Information supplied Block Start

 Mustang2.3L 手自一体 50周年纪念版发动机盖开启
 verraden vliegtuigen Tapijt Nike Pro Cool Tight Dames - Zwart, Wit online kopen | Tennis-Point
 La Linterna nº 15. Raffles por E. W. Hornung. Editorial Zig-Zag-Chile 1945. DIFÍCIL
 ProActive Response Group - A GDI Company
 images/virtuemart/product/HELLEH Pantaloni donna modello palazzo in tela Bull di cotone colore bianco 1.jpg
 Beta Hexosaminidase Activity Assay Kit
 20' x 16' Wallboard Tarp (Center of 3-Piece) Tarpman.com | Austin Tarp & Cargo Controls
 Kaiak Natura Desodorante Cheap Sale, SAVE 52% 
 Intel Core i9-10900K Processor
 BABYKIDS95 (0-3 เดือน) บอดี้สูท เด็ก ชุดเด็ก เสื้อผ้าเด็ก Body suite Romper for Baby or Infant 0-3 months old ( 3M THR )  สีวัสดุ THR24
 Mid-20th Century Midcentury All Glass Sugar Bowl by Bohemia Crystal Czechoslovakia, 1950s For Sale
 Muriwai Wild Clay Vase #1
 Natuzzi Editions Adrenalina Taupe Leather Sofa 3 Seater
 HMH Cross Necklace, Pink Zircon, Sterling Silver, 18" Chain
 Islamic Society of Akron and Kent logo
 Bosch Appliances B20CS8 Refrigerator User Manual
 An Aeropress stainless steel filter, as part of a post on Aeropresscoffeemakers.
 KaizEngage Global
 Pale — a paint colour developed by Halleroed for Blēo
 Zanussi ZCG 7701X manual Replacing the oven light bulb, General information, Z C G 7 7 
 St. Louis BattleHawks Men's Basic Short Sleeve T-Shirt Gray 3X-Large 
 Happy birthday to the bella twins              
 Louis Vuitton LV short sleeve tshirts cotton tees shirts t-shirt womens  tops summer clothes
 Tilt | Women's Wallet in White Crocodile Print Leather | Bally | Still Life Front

Information supplied Block End

Count the lines of the entries that hold the string "Sale", then state that number and nothing more.

→ Task response
2